So is there a better way of assigning scientific credit? Yes! In theory… A beautiful JET 2008 paper by de Clippel, Moulin, and Tideman studies the allocation of a (homogeneous) divisible good. The setting fits the assignment of scientific credit perfectly, although as far as I can tell this potential application is not mentioned in the paper.

The main property one would ask for is impartiality: your share of the credit should only depend on your coauthors’ reports (I think this property is equivalent to strategyproofness when your utility is strictly increasing with your share of the credit).  Another basic property that de Clippel et al. ask for, which connects the reports with the credit division, is consensuality: if there is a division that agrees with all individual reports then it must be the outcome.

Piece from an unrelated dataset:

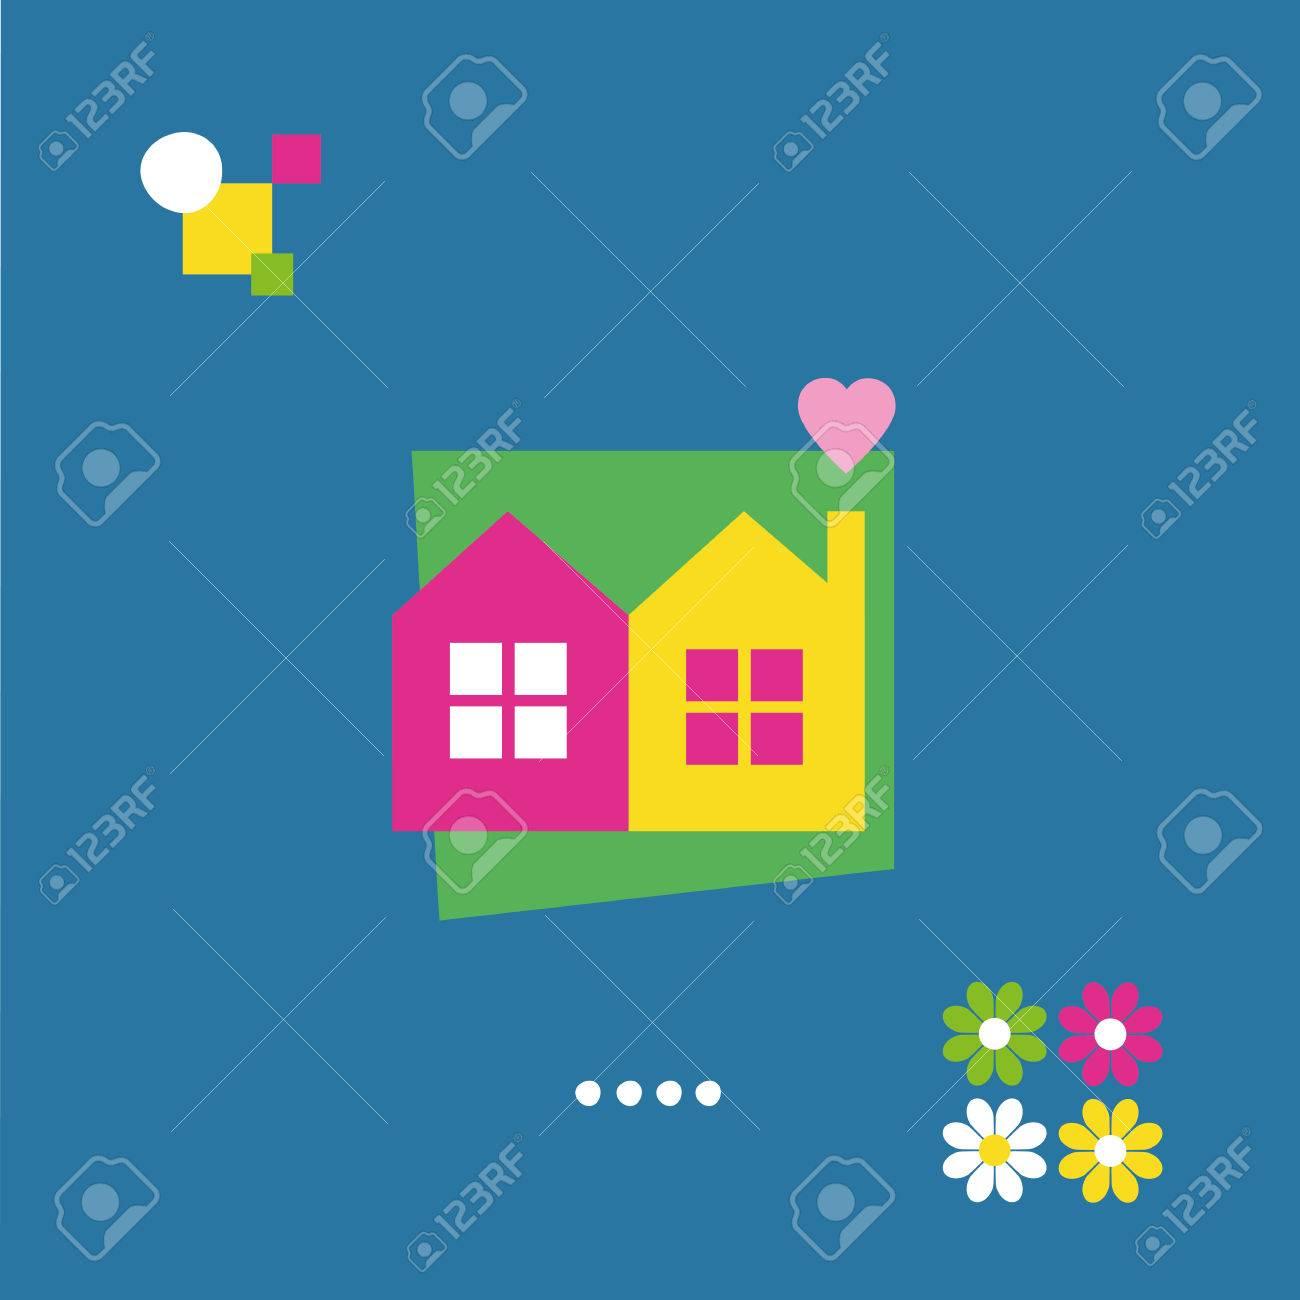 Housewarming greeting card royalty free cliparts vectors and housewarming greeting card stock vector 29952647 kristyandbryce Image collections

In their model, each player $i$ reports an evaluation $r^i_{jk}$ for every two players $j,k\in N\setminus \{i\}$, where $N$ is the set of players. A report $r^i_{jk}=x$ means that $i$ thinks $j$ deserves $x$ times the credit that $k$ gets. Perhaps a more intuitive way of thinking about the model is that each player reports normalized values that specify how the other players’ share of the credit should be divided among them; the ratios can be obtained by dividing pairs of such reported values.

The case of three players turns out to be rather straightforward. The unique mechanism that is impartial and consensual assigns to player i the share $1/(1+r^j_{ki}+r^k_{ji})$, where $k$ and $j$ are the two other players. The bad news is that this mechanism allocates the entire credit if and only if the reports are consensual (which happens if and only if $r^1_{23}r^2_{31}r^3_{12}=1$). In other words, for three players there is no impartial and consensual mechanism that allocates the entire credit. (Of course I am omitting some details; you can find them in the paper.)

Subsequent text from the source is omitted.